The positive electrode active material may be or include, for example, a high nickel-based positive electrode active material having a nickel content that is greater than or equal to about 80 mol %, greater than or equal to about 85 mol %, greater than or equal to about 90 mol %, greater than or equal to about 91 mol %, or greater than or equal to about 94 mol % and less than or equal to about 99 mol % based on 100 mol % of the metal excluding lithium in the lithium transition metal composite oxide. The high-nickel-based positive electrode active material may be capable of achieving high capacity, and can be applied to a high-capacity, high-density rechargeable lithium battery.

An amount of the positive electrode active material may be in a range of about 90 wt % to about 99.5 wt % based on 100 wt % of the positive electrode active material layer. Amounts of the binder and the conductive material may be in a range of about 0.5 wt % to about 5 wt %, respectively, based on 100 wt % of the positive electrode active material layer.

The binder is configured to attach the positive electrode active material particles to each other and also to attach the positive electrode active material to the current collector. Examples of the binder may include at least one of polyvinyl alcohol, carboxymethyl cellulose, hydroxypropyl cellulose, diacetyl cellulose, polyvinylchloride, carboxylated polyvinylchloride, polyvinylfluoride, a polymer including ethylene oxide, polyvinylpyrrolidone, polyurethane, polytetrafluoroethylene, polyvinylidene fluoride, polyethylene, polypropylene, a styrene-butadiene rubber, a (meth)acrylated styrene-butadiene rubber, an epoxy resin, a (meth)acrylic resin, a polyester resin, nylon, and the like, as non-limiting examples.

The conductive material may be configured to impart conductivity (e.g., electrical conductivity) to the electrode. Any material that does not cause chemical change (e.g., that does not cause an undesirable chemical change in the rechargeable lithium battery) and that conducts electrons can be included in the battery. Examples of the conductive material may include a carbon-based material such as at least one of natural graphite, artificial graphite, carbon black, acetylene black, ketjen black, a carbon fiber, a carbon nanofiber, and carbon nanotube; a metal-based material containing at least one of copper, nickel, aluminum, silver, and the like, in a form of a metal powder or a metal fiber; a conductive polymer such as a polyphenylene derivative; or a mixture thereof.

Al may be included as the current collector, but is not limited thereto.

Negative Electrode

The negative electrode for a rechargeable lithium battery may include a current collector and a negative electrode active material layer on the current collector.

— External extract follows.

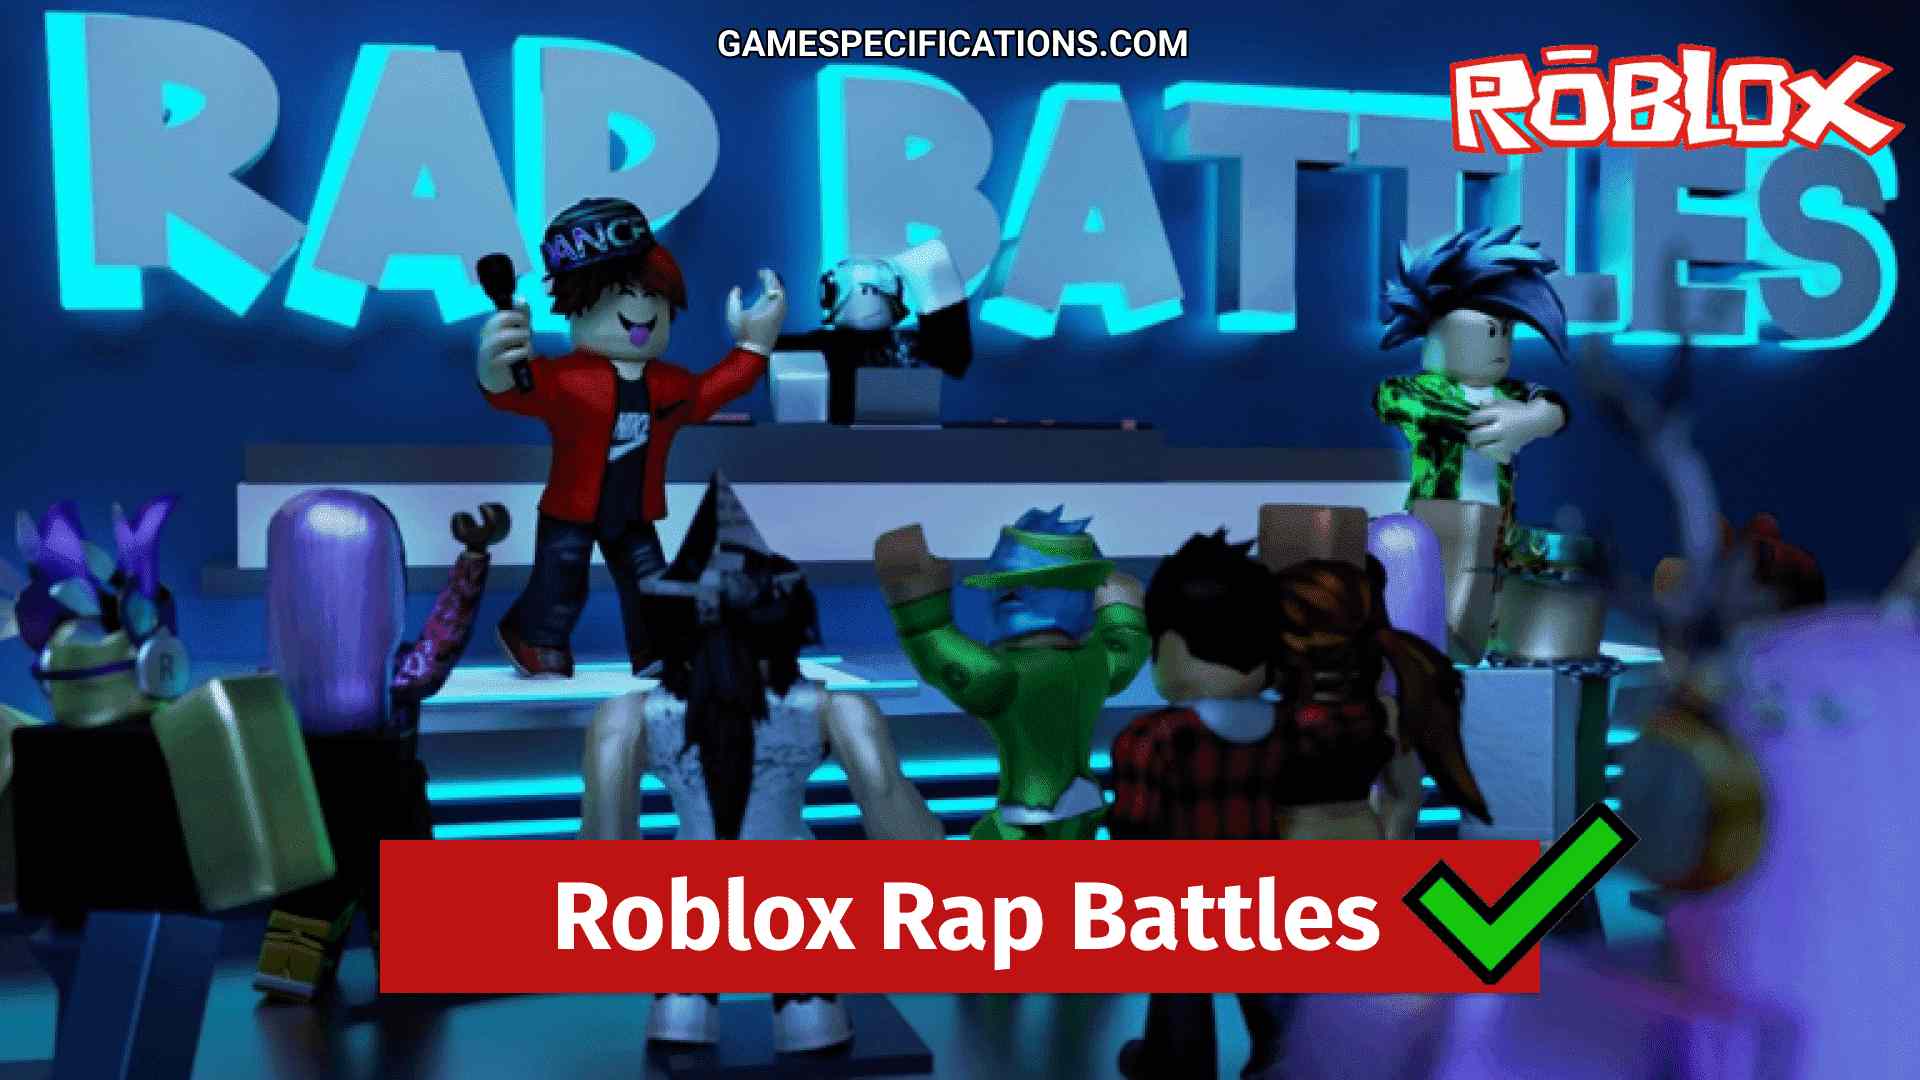 Awesome Roblox Rap Battles Explained With Lyrics Game Specifications - roblox auto rap battles best rap

The negative electrode active material layer may include a negative electrode active material, and may further include a binder and/or a conductive material (e.g., an electrically conductive material).

For example, the negative electrode active material layer may include about 90 wt % to about 99 wt % of the negative electrode active material, about 0.5 wt % to about 5 wt % of the binder, and about 0 wt % to about 5 wt % of the conductive material.

Negative Electrode Active Material

The negative electrode active material may include a material that reversibly intercalates/deintercalates lithium ions, a lithium metal, a lithium metal alloy, a material capable of doping/dedoping lithium, or a transition metal oxide.

The material that reversibly intercalates/deintercalates lithium ions may include a carbon-based negative electrode active material, such as, for example, crystalline carbon, amorphous carbon or a combination thereof. The crystalline carbon may be graphite such as non-shaped, sheet-shaped, flake-shaped, sphere-shaped, or fiber-shaped, natural graphite or artificial graphite. The amorphous carbon may be or include at least one of a soft carbon, a hard carbon, a mesophase pitch carbonization product, calcined coke, and the like.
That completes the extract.